President Susilo Bambang Yudhoyono has been honored with the United Nations Environment Program (UNEP) Award for Leadership in Promoting Ocean and Marine Conservation and Management.
The award was presented Wednesday by UNEP executive director Achiem Steiner during the opening of UNEP's 11th Special Session of the Governing Council in Nusa Dua, Bali, which is the first ministerial-level meeting organized by the UN body since the Climate Change Conference in Copenhagen.
The President was honored for "personally spearheading" the Coral Triangle Initiative (CTI), the high-level political commitment among the governments of several countries around the Coral Triangle area, to safeguard the region's marine and coastal biological resources for the sustainable growth and prosperity of current and future generations.

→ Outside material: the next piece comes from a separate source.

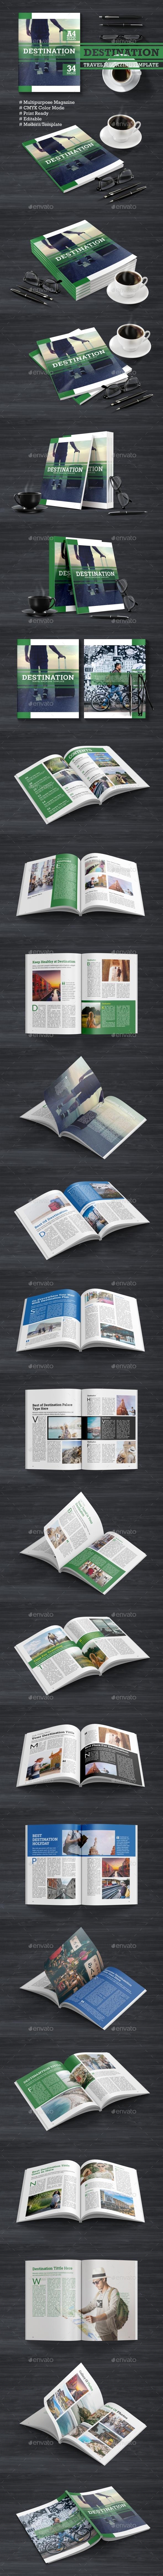 Destination - Travel Magazine - Magazines Print Templates
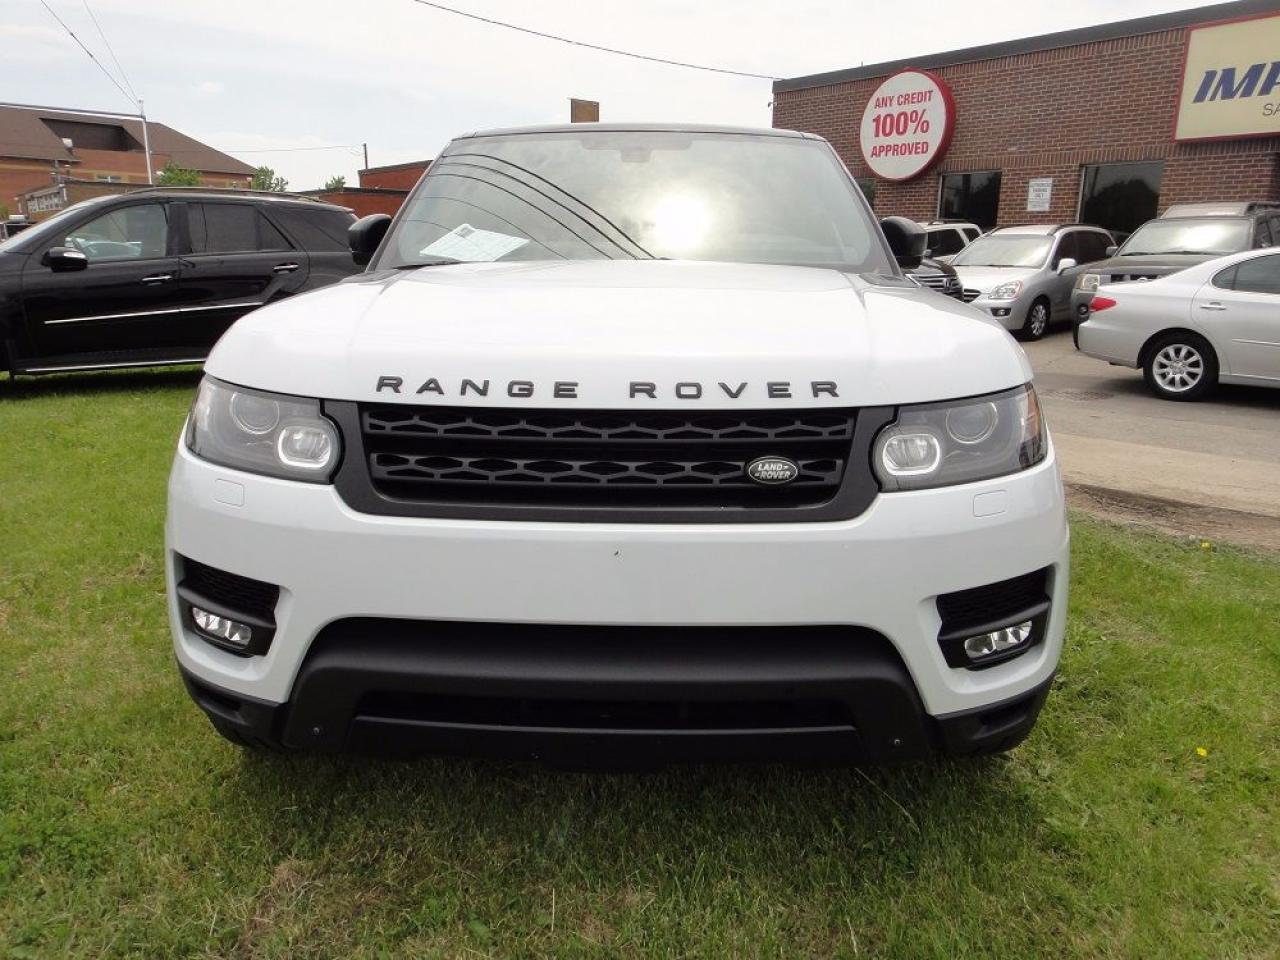 2015 Land Rover Range Rover V8 SC Dynamic,SUPER CHARGE,MINT

The Coral Triangle covers the areas of Indonesia, Malaysia, the Philippines, East Timor and Papua New Guinea. It lies across mere 1 percent of the earth’s surface, but is said to contain a third of the world's coral and three-quarters of its coral reef species.
In August 2007, Yudhoyono wrote to seven other leaders in the area proposing a new CTI, which was then agreed upon and signed in Manado shortly after the World Ocean Conference in May 2009.
"The CTI represents a key step in protecting one of the most important marine ecosystems on the planet," UNEP director of information Satinder Bindra said before presenting the award to the Indonesian President.
"It's a commendable example of regional cooperation and it's an initiative which has been personally spearheaded by His Excellency President Susilo Bambang Yudhoyono," he added.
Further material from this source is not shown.